Mr BRUMBY —Can the Prime Minister inform the House whether there is likely to be a continuation of the decline in the Budget deficit as a proportion of gross domestic product in the forthcoming financial year?


Mr HAWKE —I thank the honourable member for Bendigo for his question and, yes, I can assure him that there will be a further decline in 1987-88 of the proportion of the gross domestic product that the deficit represents. I think the honourable member for Bendigo will recall that we inherited from the Leader of the Opposition a deficit which represented 5 per cent of the gross domestic product. In fact in the last Budget the deficit for 1986-87 was brought down to 1 1/2 per cent of gross domestic product. I can inform the honourable member that for 1987-88 the deficit will be an even lower proportion of the gross domestic product. The honourable member will obviously compare that record of fiscal management and fiscal responsibility with what is happening on the other side. From the dramatic events of last week we know that the Opposition does not know how to handle the fact that the Leader of the Opposition has racked up a credibility gap of $16 billion. If that produced a frenzy in the shadow Leader of the Opposition--


Mr Sinclair —Poor Bob. You said there would be no capital gains tax. How do we believe you?

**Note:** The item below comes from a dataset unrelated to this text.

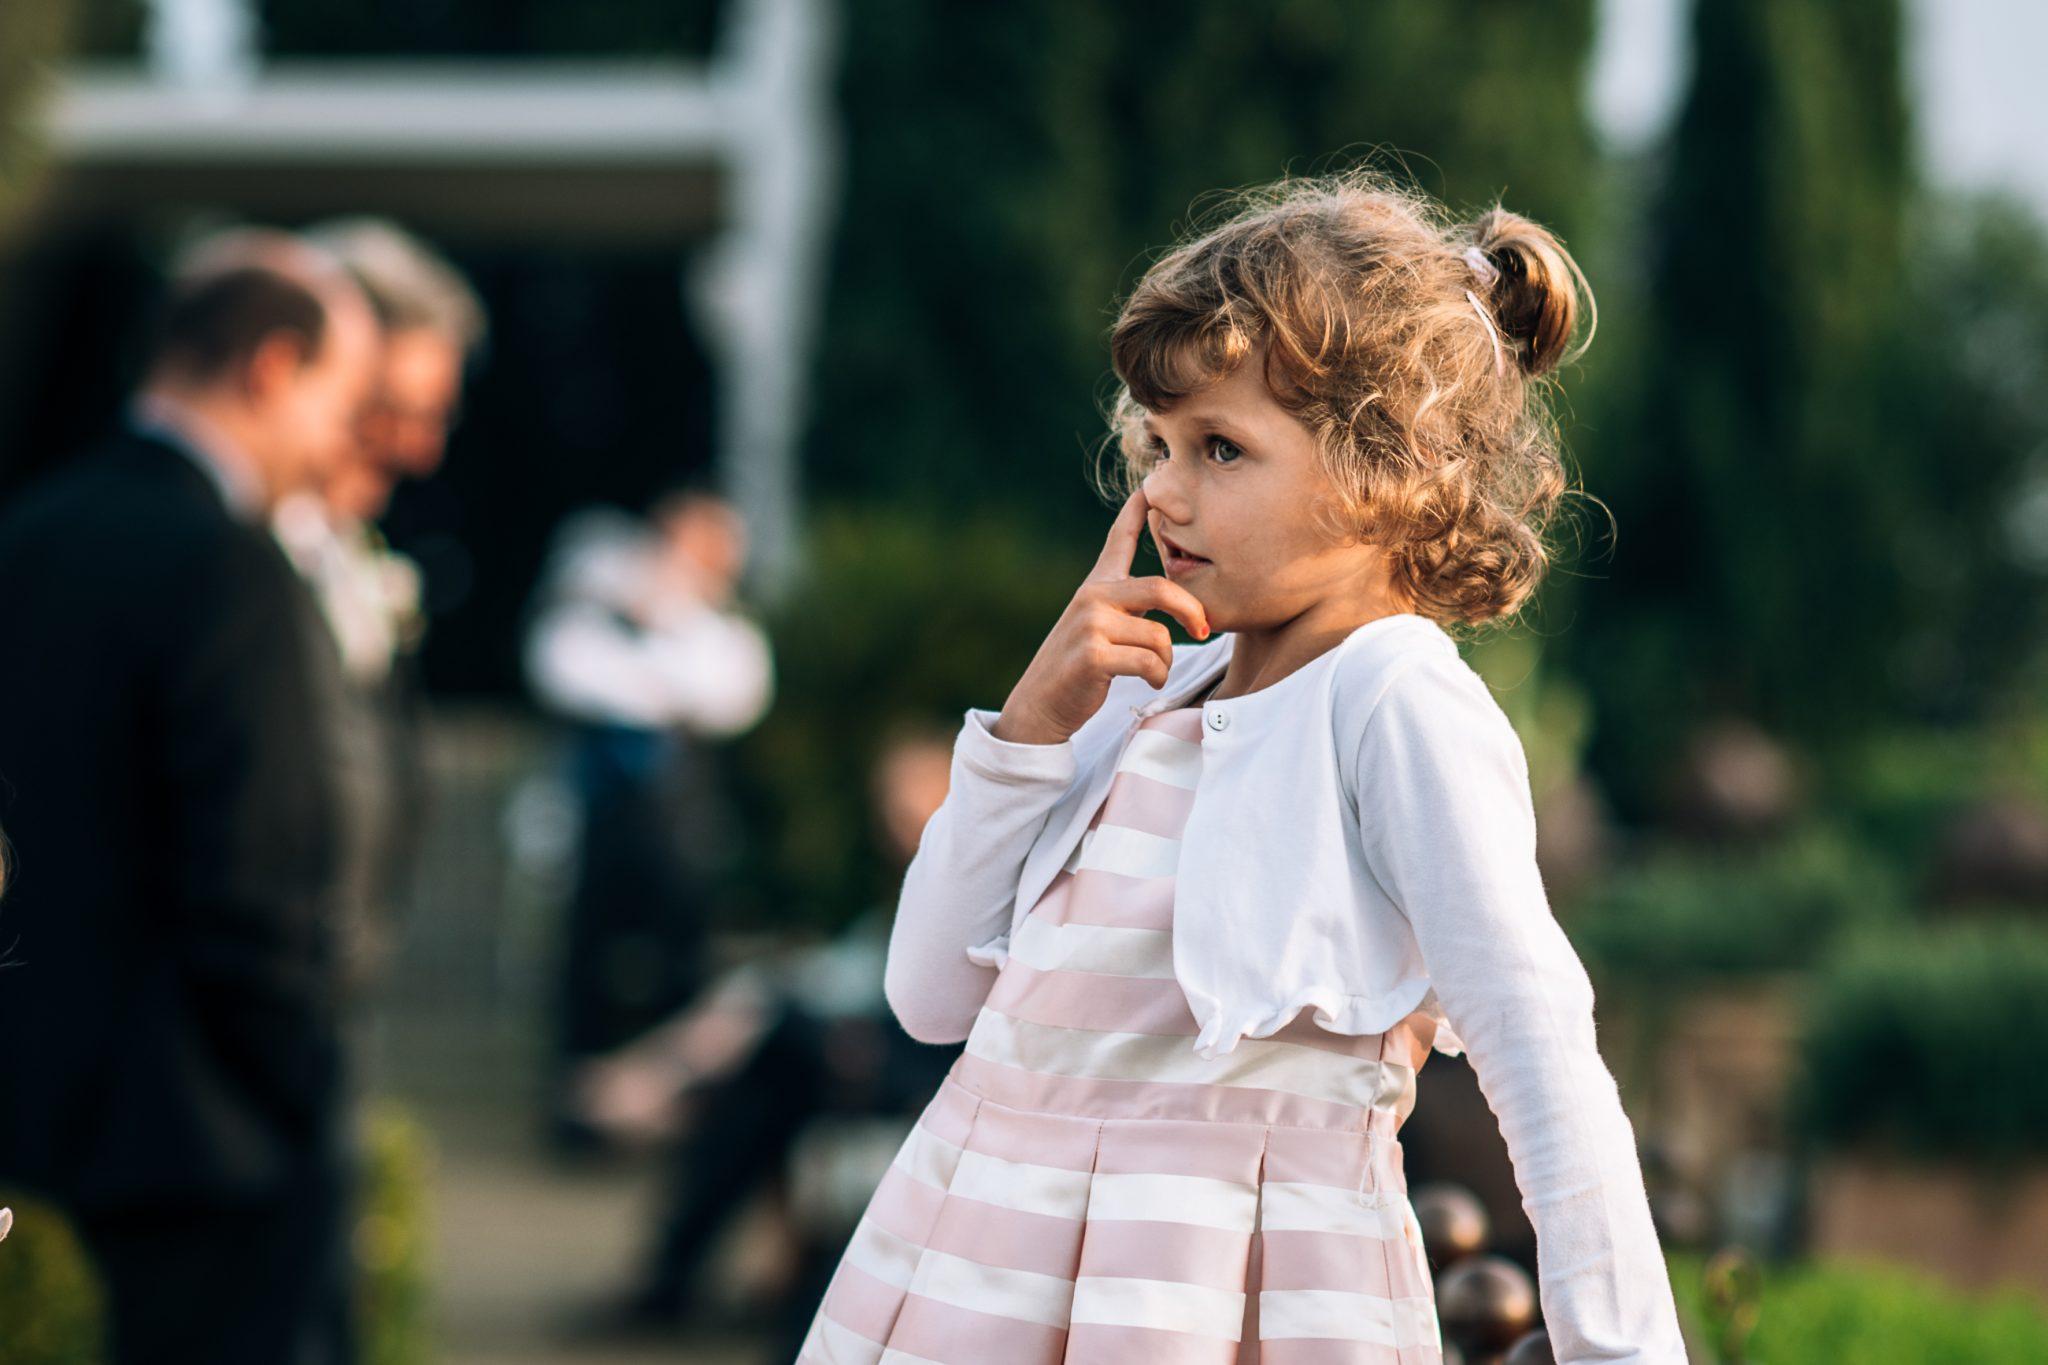 bambina invitata al matrimonio mentre si mette le mani nel naso

Mr HAWKE —We are getting some interjection from the Leader of the National Party. All that needs to be said about the Leader of the National Party is that he has been properly described by the President of the National Party in Queensland as someone who cannot tell the truth. They are not my words. That is what Sir Robert Sparkes has described him as-a man who cannot tell the truth. So that is how much notice we should take of the Leader of the National Party. The credibility gap of the Leader of the Opposition was $16 billion as we spoke in the House last week.


Mr Donald Cameron —Madam Speaker, I take a point of order. You have endeavoured to be fairly strict in relation to people being accused of being liars, et cetera. Has the Prime Minister introduced a new means of denigrating somebody as not being a truthful person? In future, are we to be allowed to stand up in this place and say that some outside source has described someone as dishonest or as a liar and that therefore it is valid to use that language?


Madam SPEAKER —The Prime Minister made it clear that he was quoting and that the words were not his own.


Mr Donald Cameron —Madam Speaker, I take a point of order. I realise that it is the Prime Minister you are dealing with and that that presents its own difficulties. However, are you saying that from now on we can stand up and say, `Jimmy Smith said that the Prime Minister is a liar' and get away with it? Is that what you are saying we can do from now on? That is what it boils down to.


Madam SPEAKER —The quotation has been used in this House and approved by preceding Speakers.


Mr HAWKE —As I was saying, when we were dealing with this matter last Thursday the credibility gap of the Leader of the Opposition was $16 billion but, as a result of what has been said by the Leader of the Opposition in the Senate, as quoted in the Australian Financial Review last Friday, it looks as though we may have to add another $2 billion. Under the byline of Mr Steketee in the Sydney Morning Herald of 27 March we have the following headline and statement:

Chaney diverges from the Howard line on taxation

The Leader of the Opposition in the Senate, Senator Chaney, has held open the possibility of dropping proposals to broaden indirect taxes and relying solely on spending cuts to fund large income tax cuts.

So there is another $2 billion we may have to add to the existing $16 billion credibility gap of the Leader of the Opposition. We also find that the Leader of the Opposition is not quite sure now where he stands on the assets test. I remind the House that the Leader of the Opposition protested last Thursday that the Opposition's only commitments-I ask the House to note this-which carry, as he puts it, a quantifiable cost, are the abolition of the fringe benefits tax, the capital gains tax and the lump sum superannuation tax, which he calculated amounted to $800m. In fact they amount to over $1 billion. But it is interesting that he did not include the abolition of the assets test in his quantifiable figure. We want to know, and I think some of the people behind the Leader of the Opposition would want to know, where the Leader of the Opposition now stands on the assets test. Has he finally come back to his original position? His original position was that he approved of the principle of an assets test. It looks as though now the Leader of the Opposition has come back to it.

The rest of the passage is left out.